# WORK ORDER
Copy exactly the lines starting at the one that contains "White-winged Scoter (North" and running through the end of the material below. Exclude any pictures.

# INFORMATION SHOWN
****

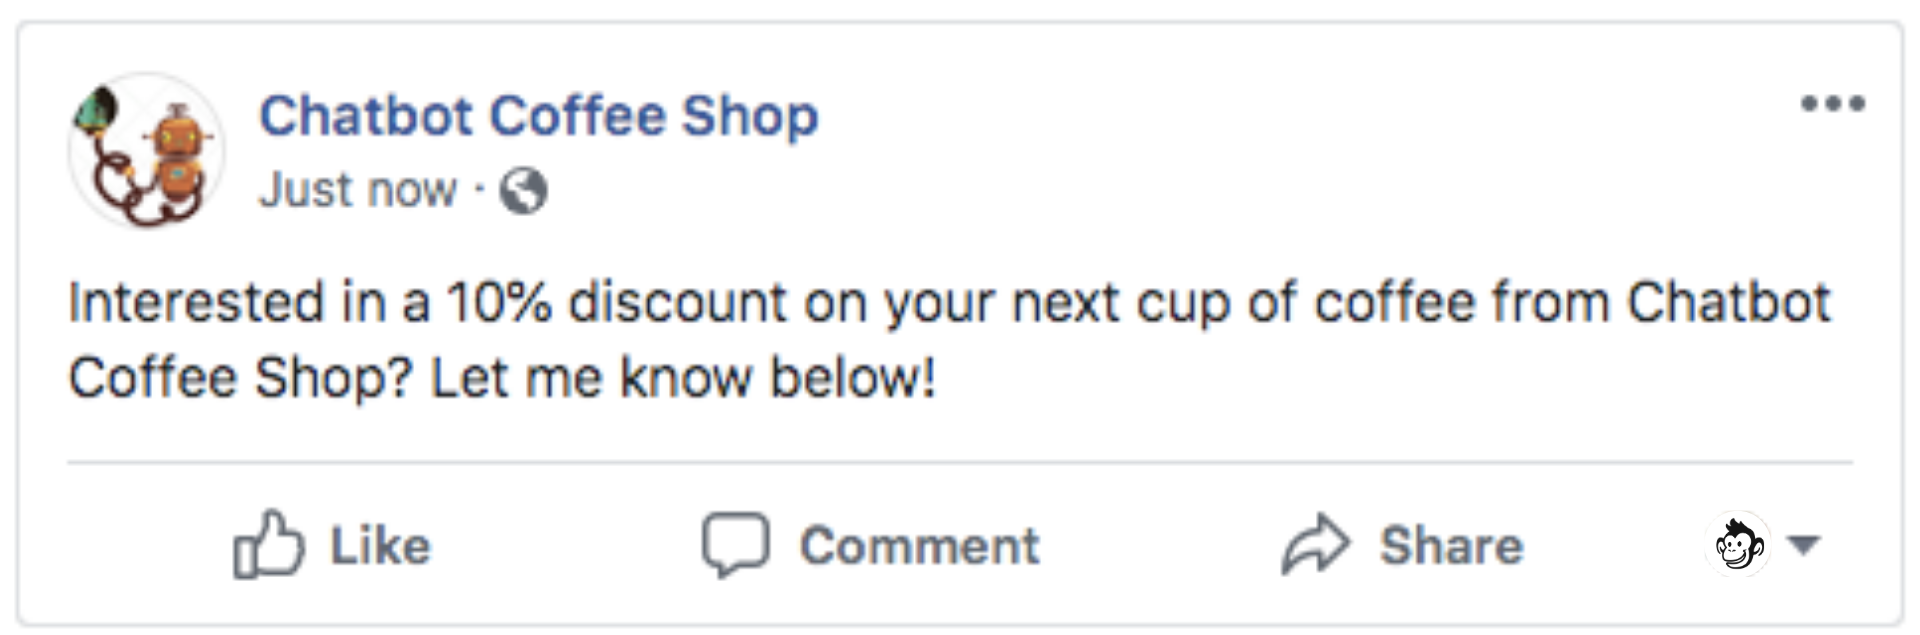 facebook auto responder post telling users to comment if they want a 10% discount from chatbot coffee shop
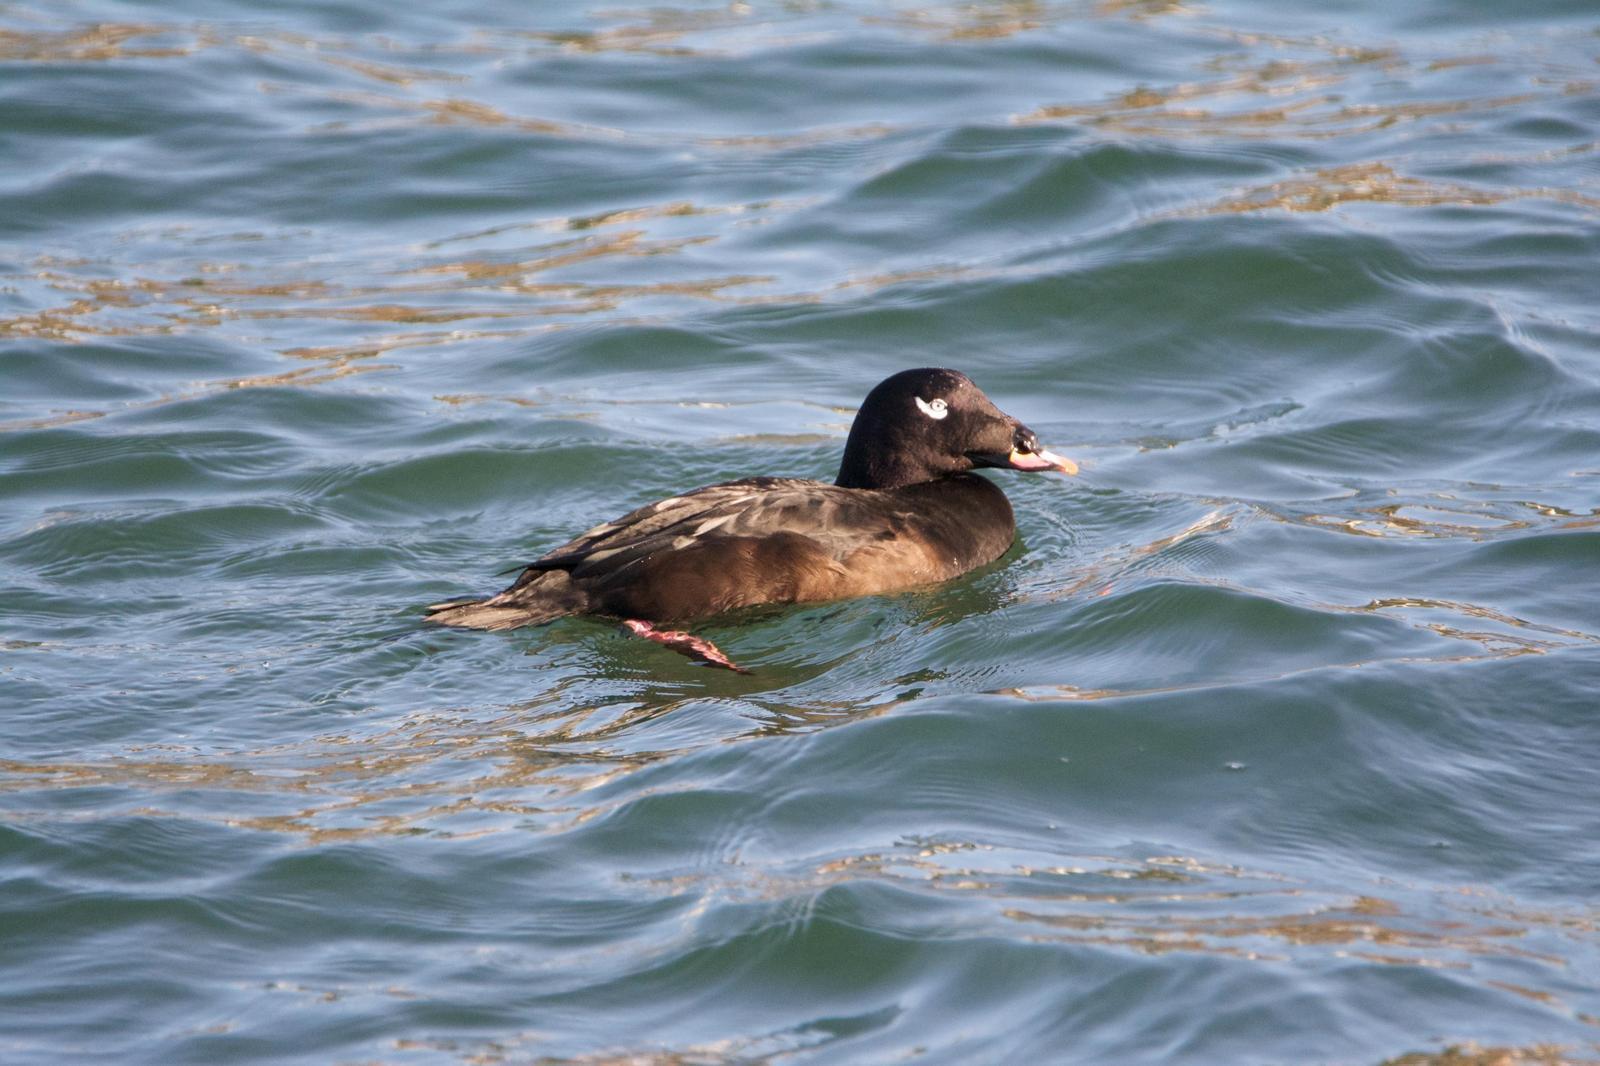 White-winged Scoter (North American) Photo by Brian Avent
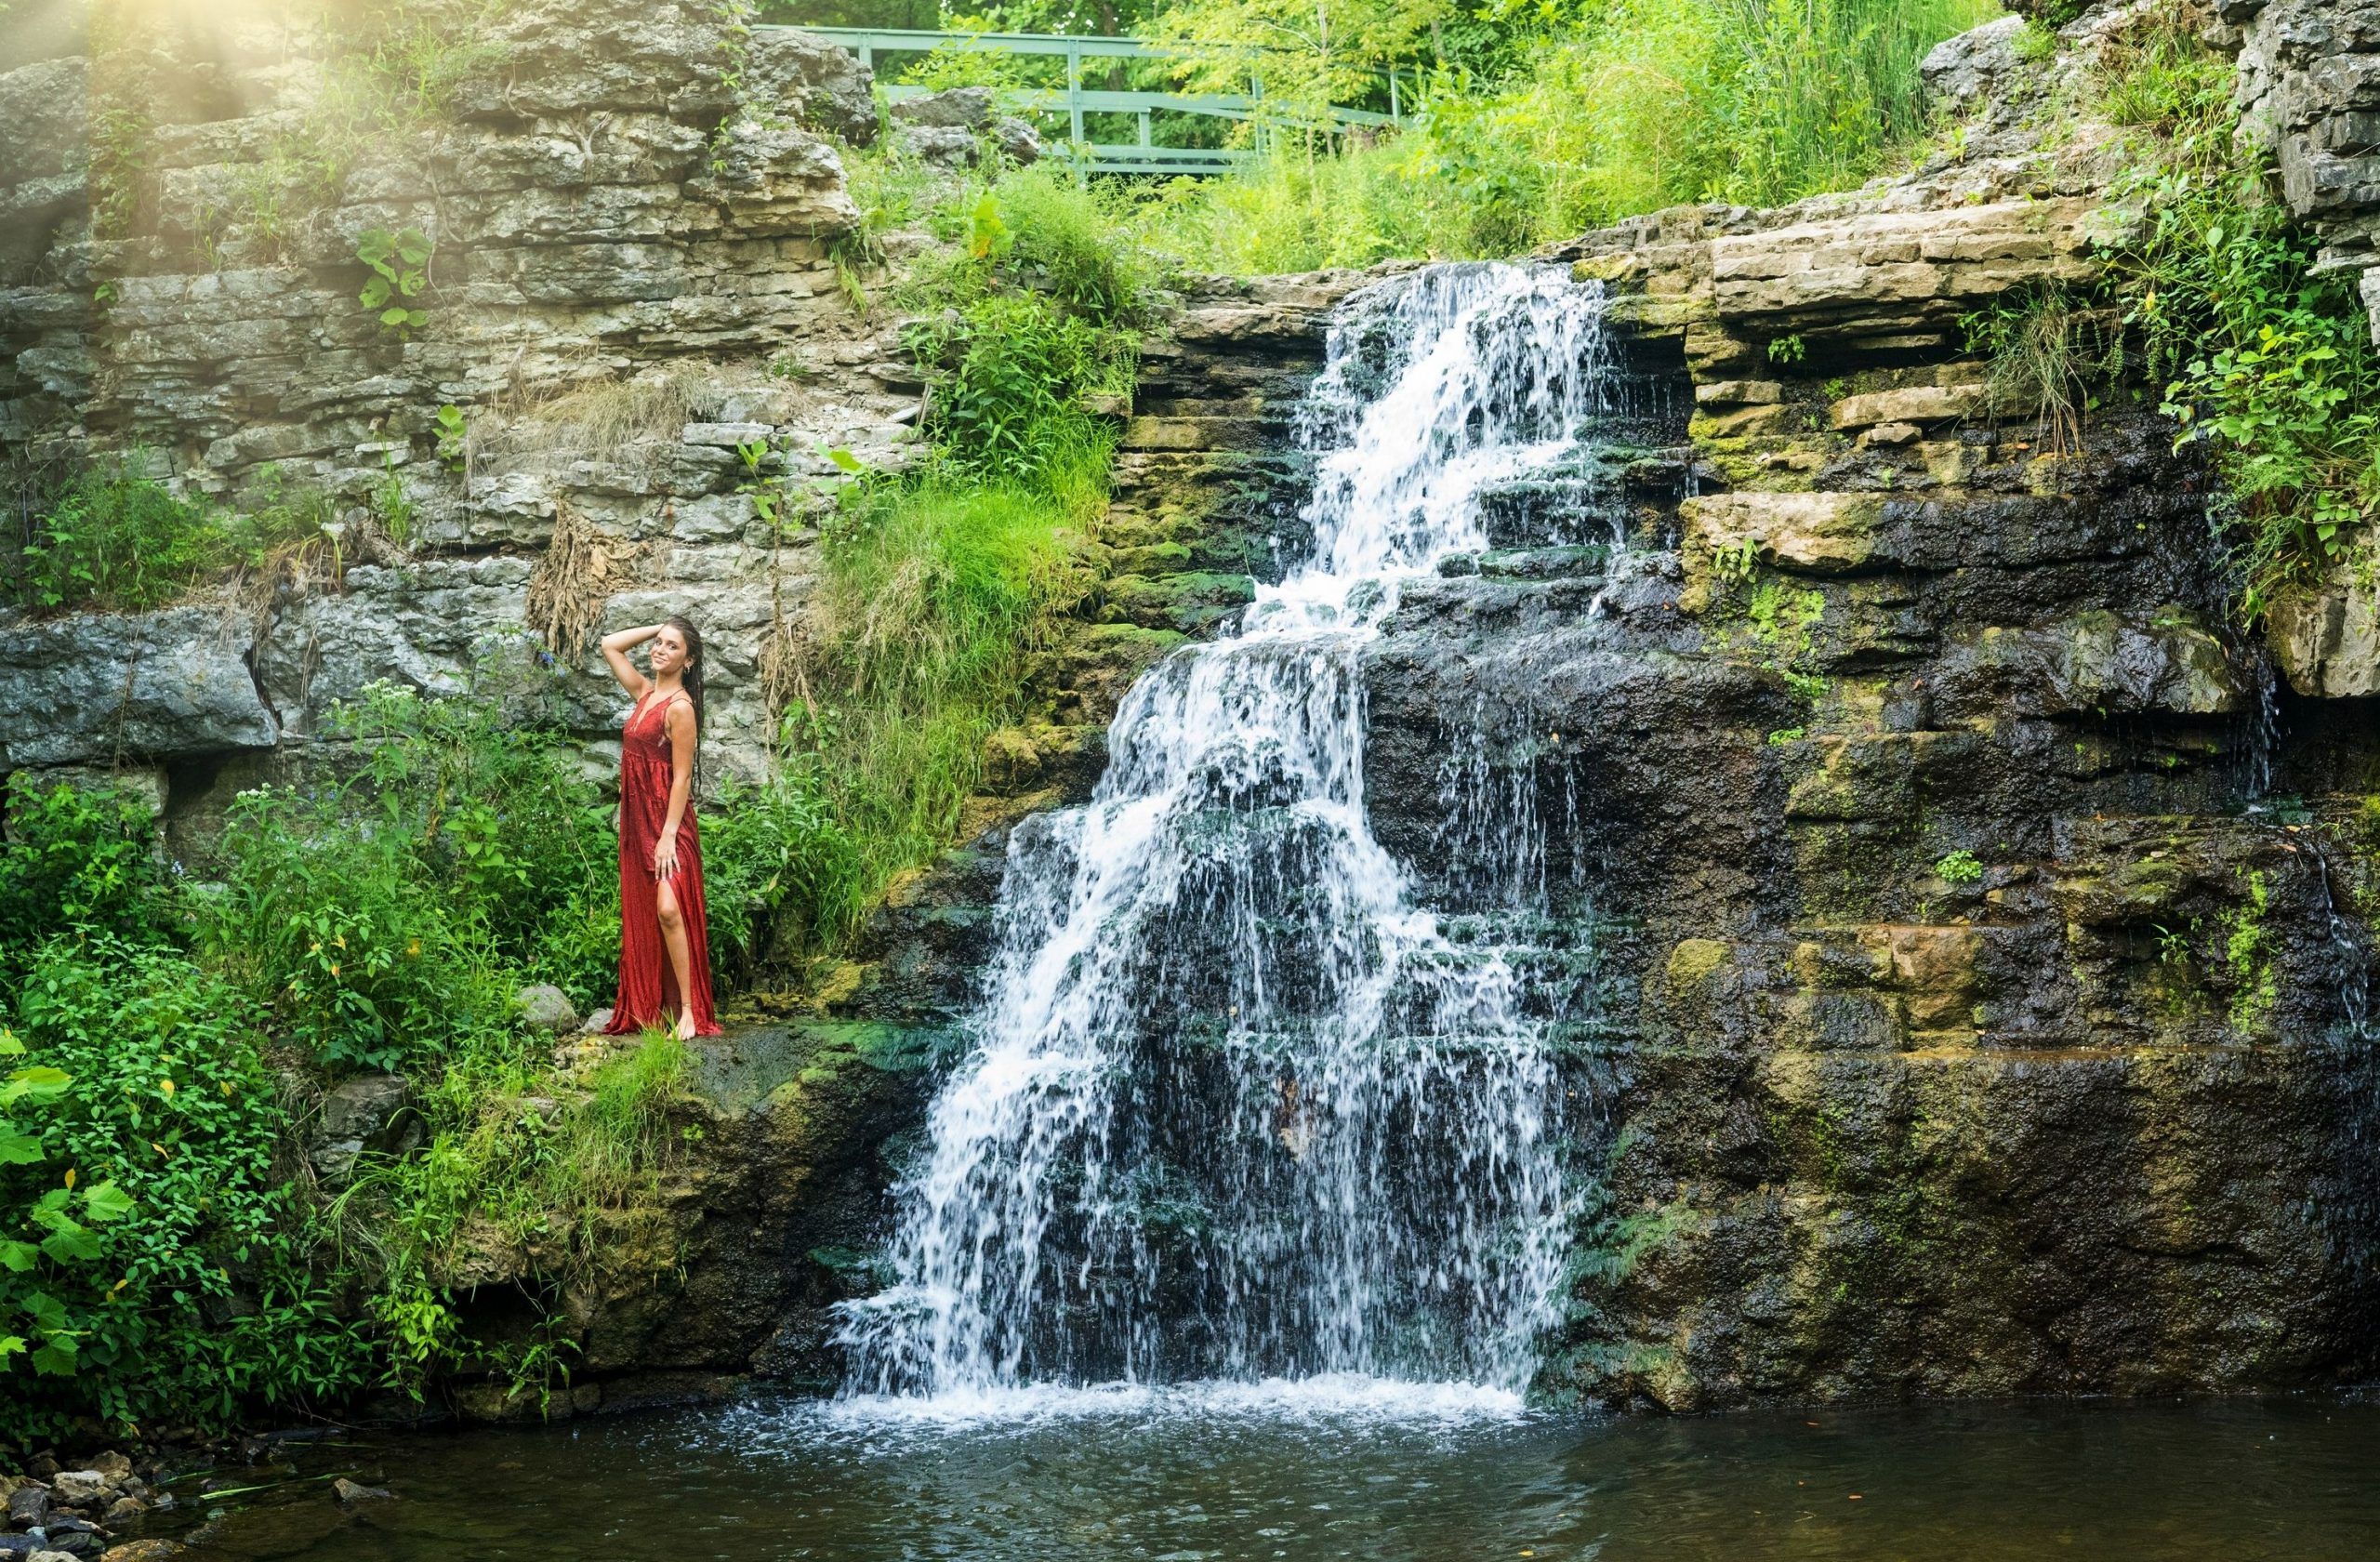 High School’s  Waterfall Senior Pictures

****

# YOUR RESPONSE
 White-winged Scoter (North American) Photo by Brian Avent
 High School’s  Waterfall Senior Pictures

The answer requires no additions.